PROBLEM STATEMENT :: Pictures in the listing do not belong in the copy, which should repeat exactly the lines from the one holding "The Best Seaside" through the last line.

EXERCISE DATA ::

□ □ □ □ □

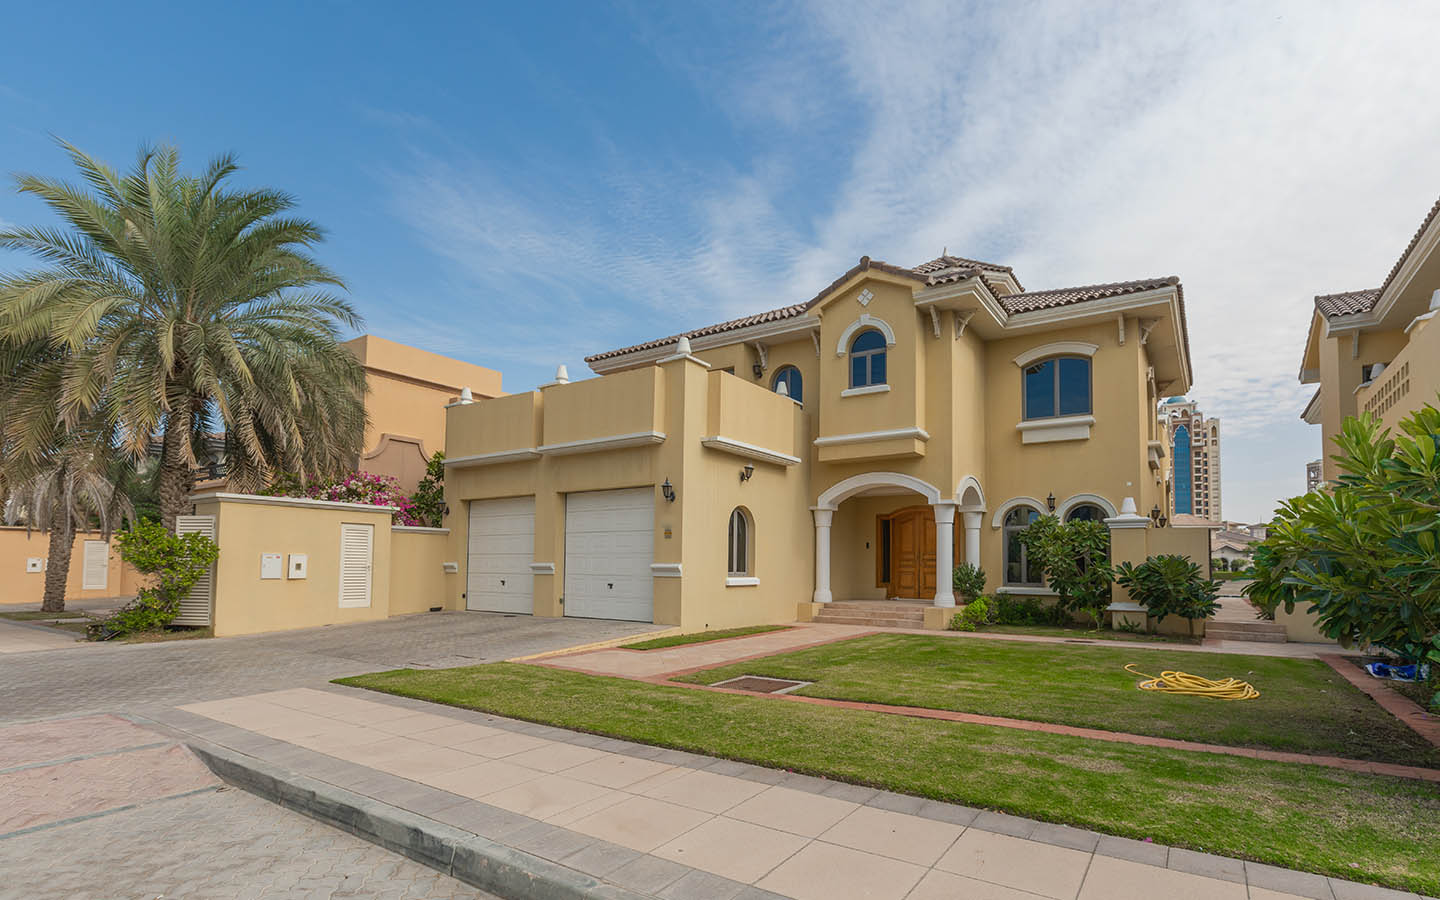 Mirdif is one of the Popular areas to rent 4-bed villas under AED 200k in Dubai
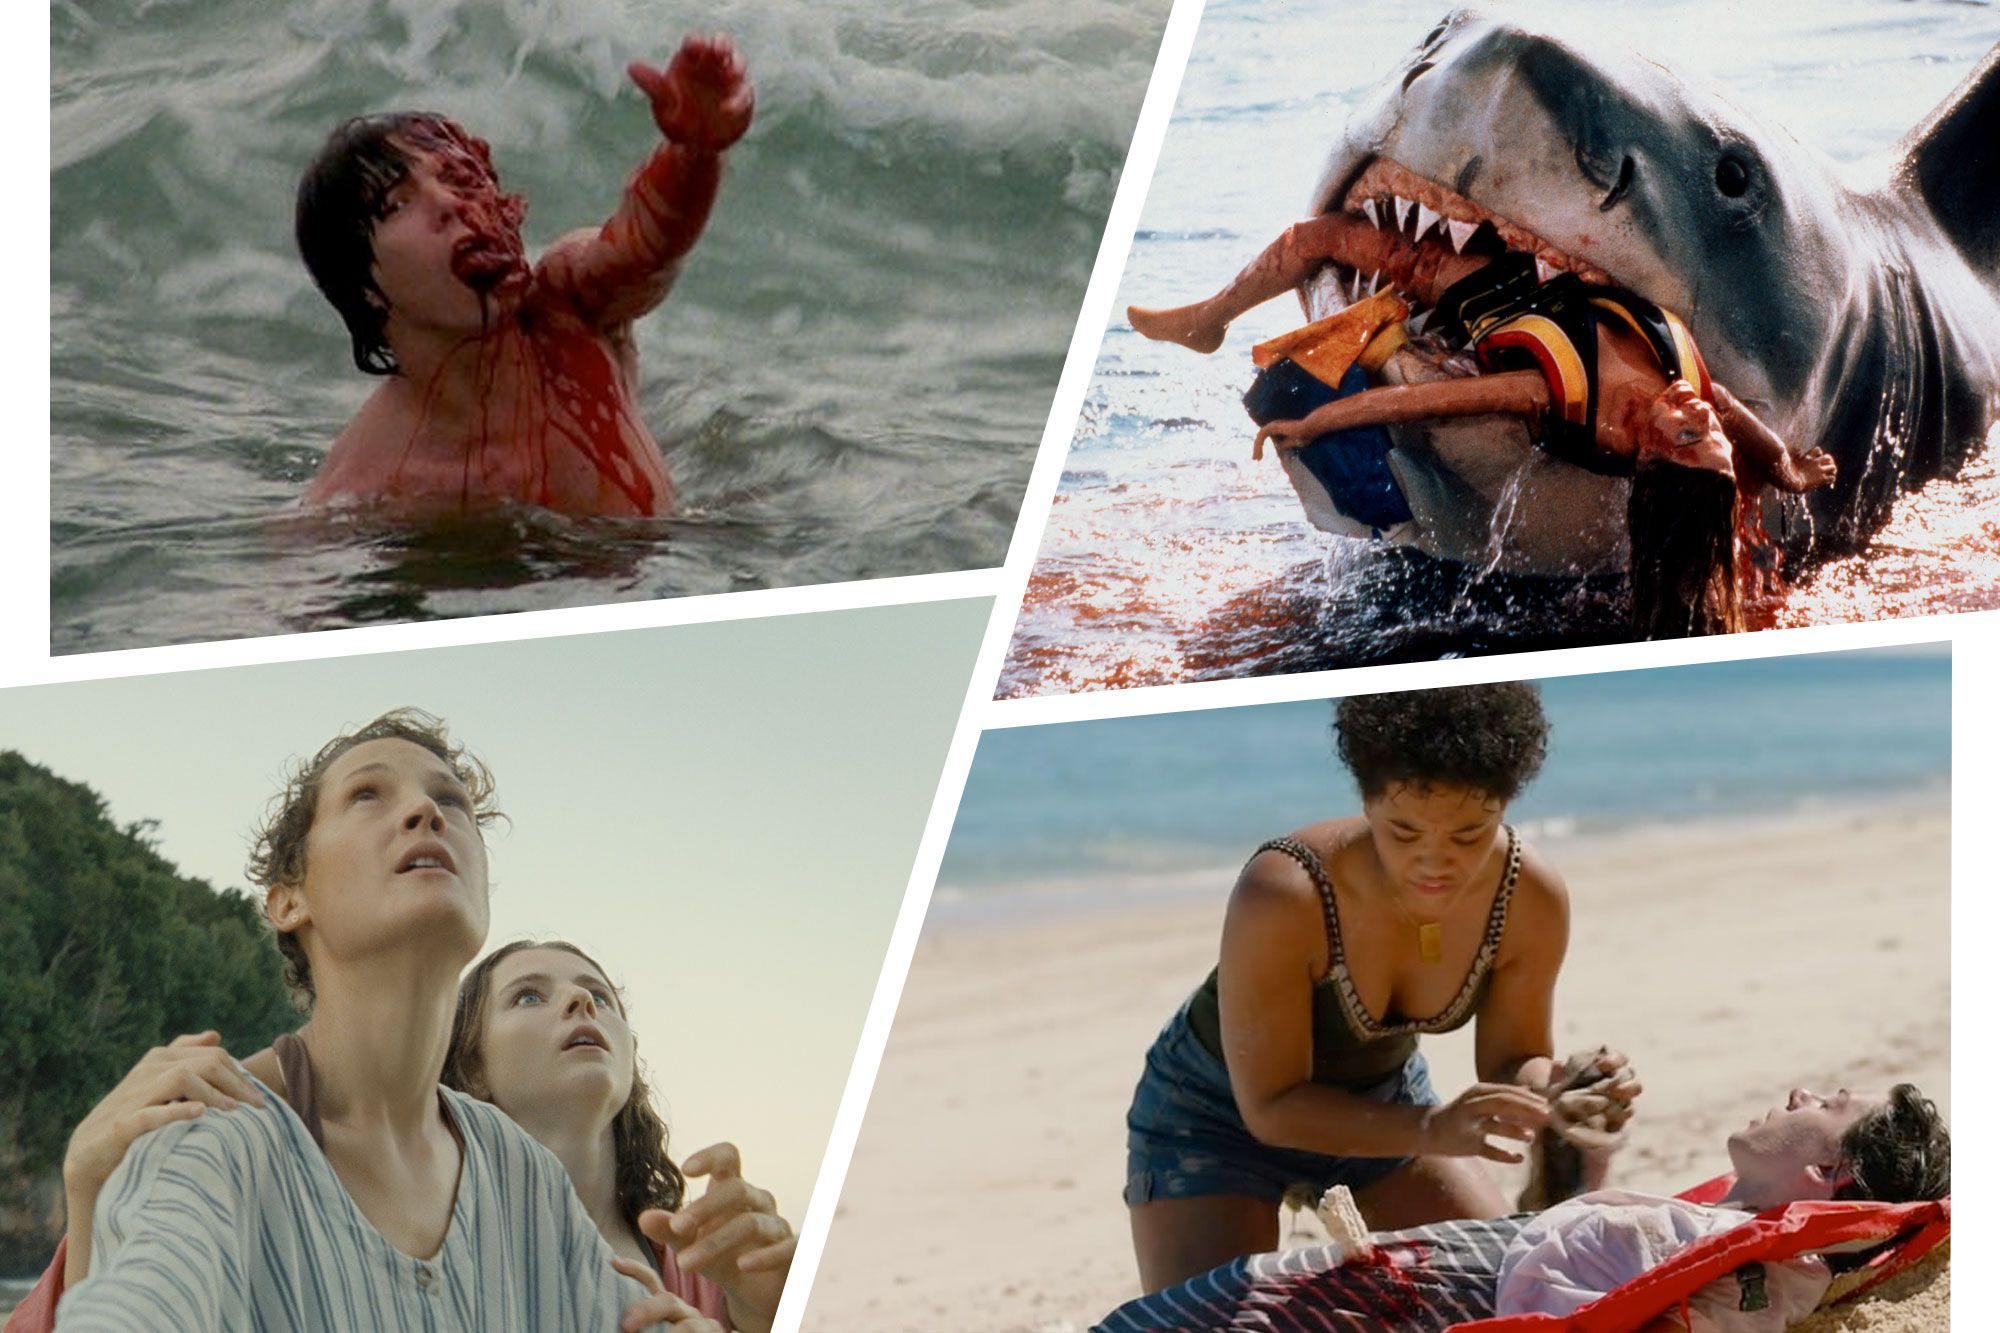 The Best Seaside Horror Movies to Watch This Summer image pic
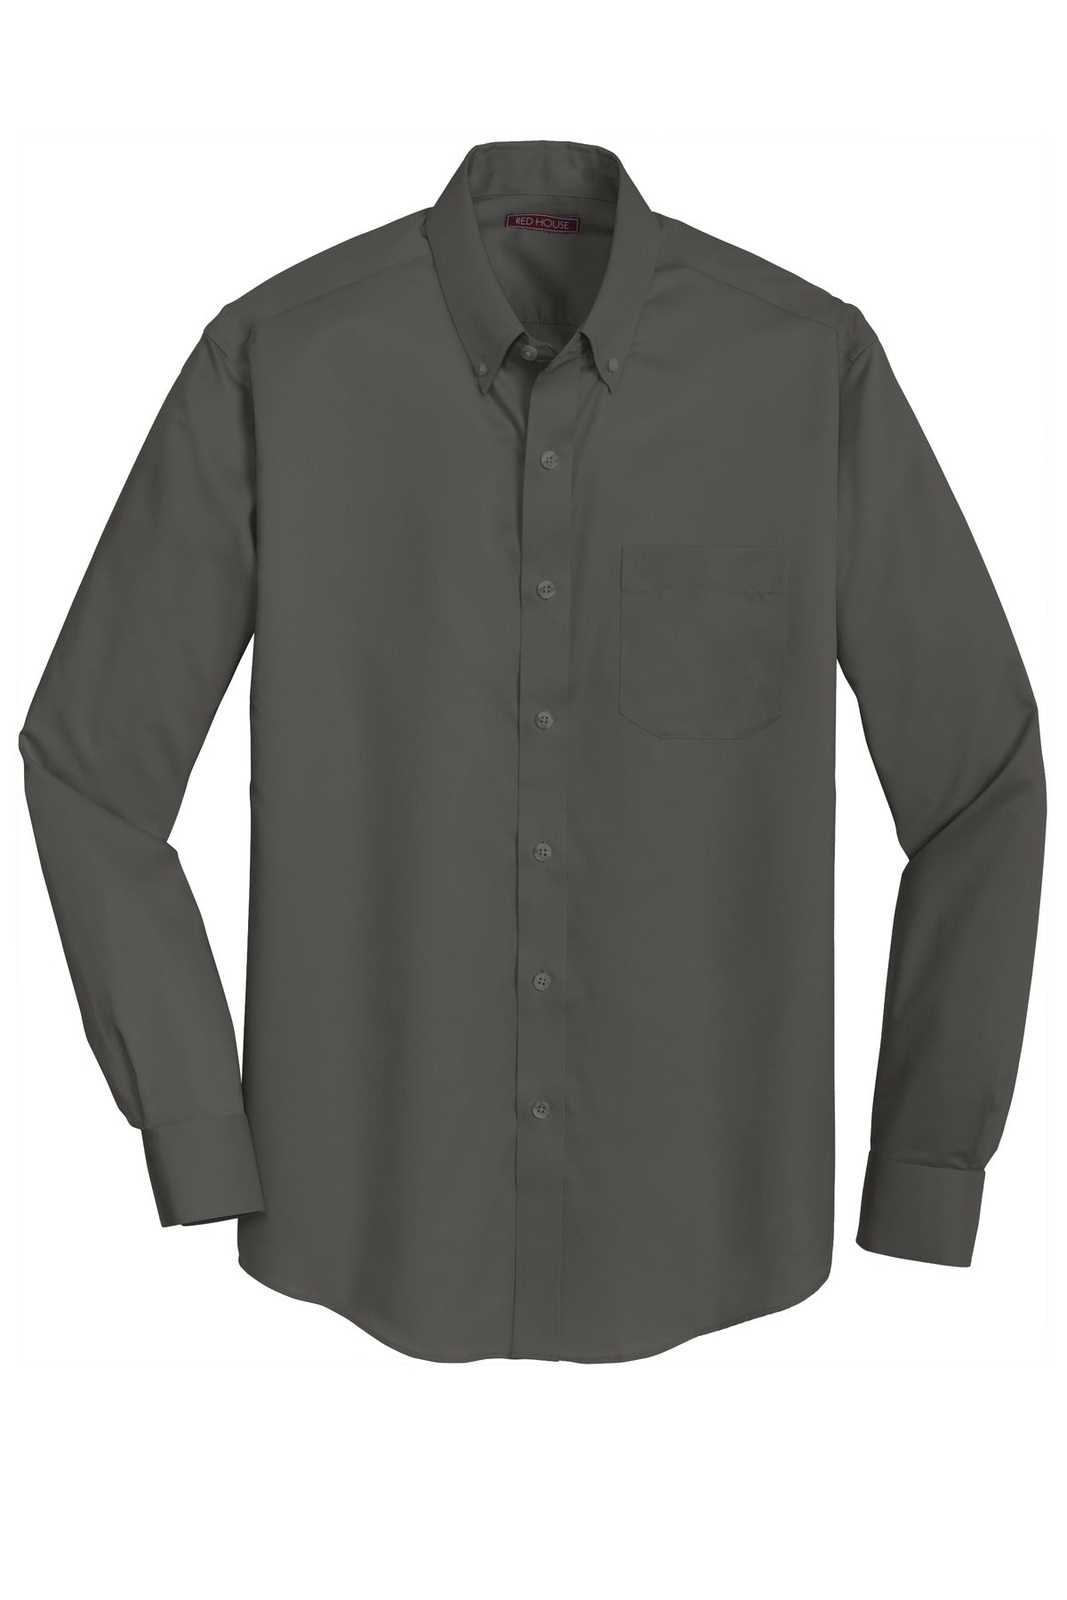 Red House RH78 Non-Iron Twill Shirt - Gray Steel - HIT a Double - 5
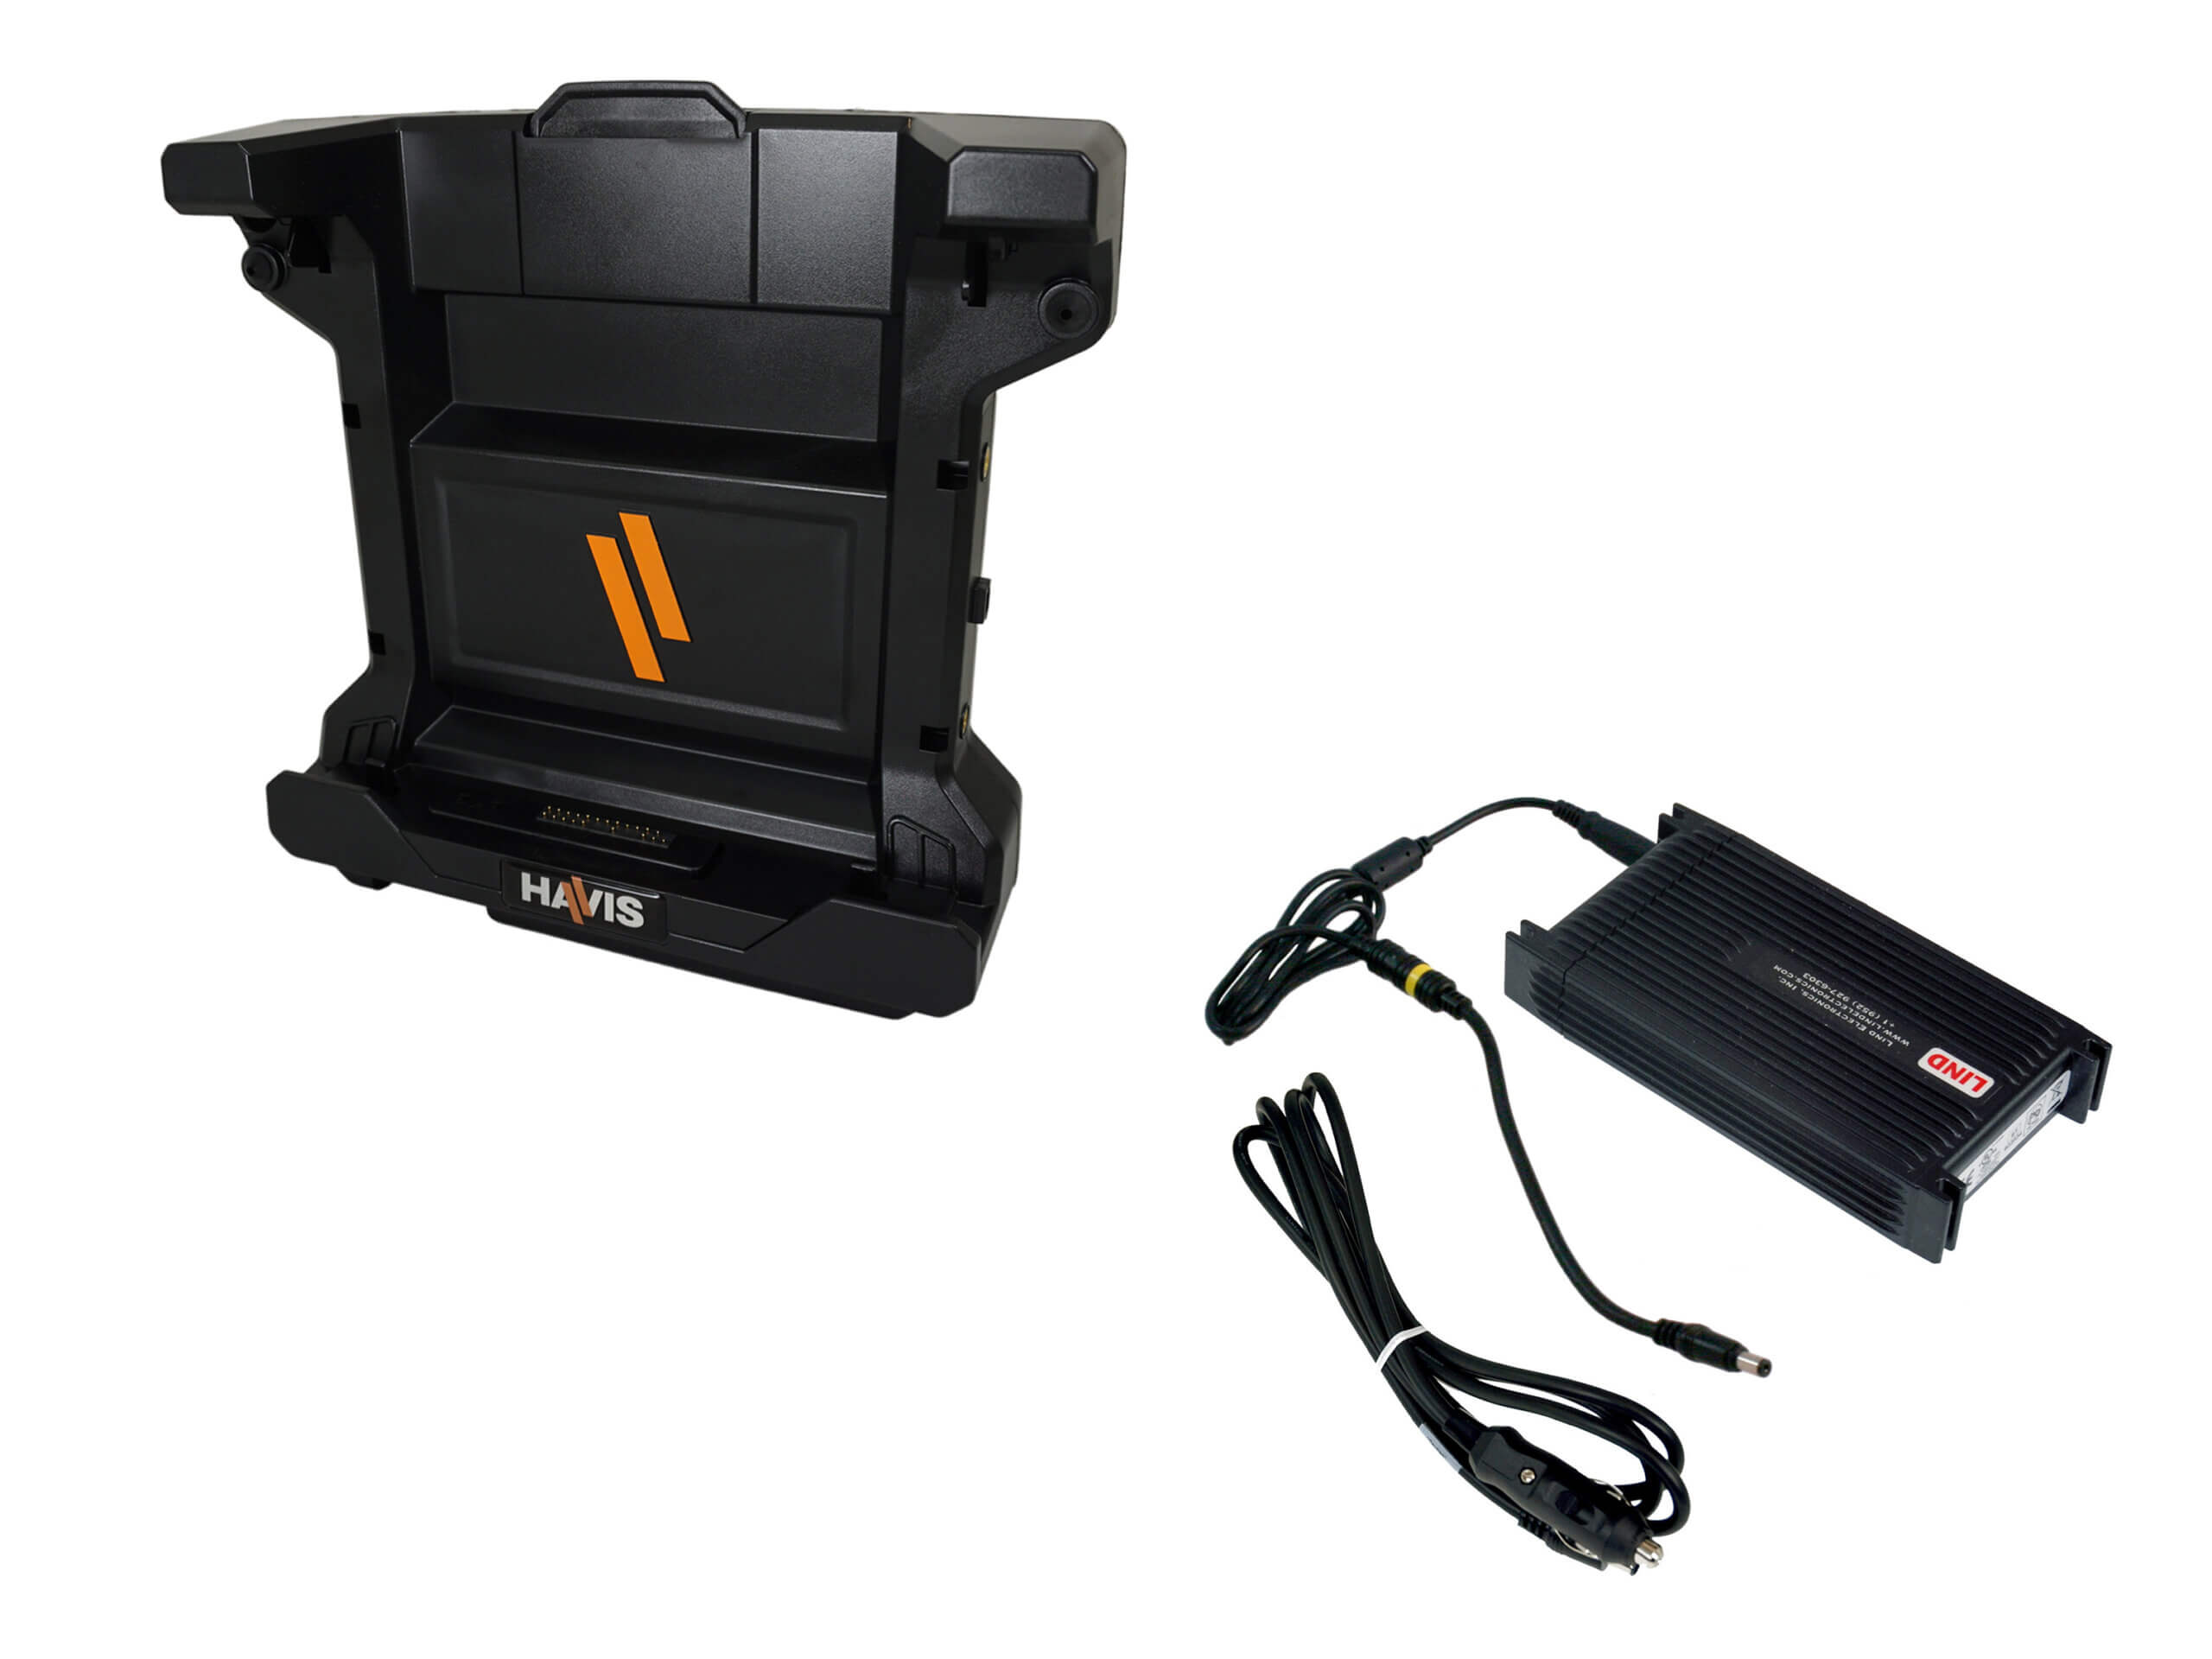 Docking Station with Standard Electronics and External Power Supply for Dell Latitude Rugged 12″ Tablets (7220, 7212)

□ □ □ □ □

YOUR SOLUTION ::
 The Best Seaside Horror Movies to Watch This Summer image pic
 Red House RH78 Non-Iron Twill Shirt - Gray Steel - HIT a Double - 5
 Docking Station with Standard Electronics and External Power Supply for Dell Latitude Rugged 12″ Tablets (7220, 7212)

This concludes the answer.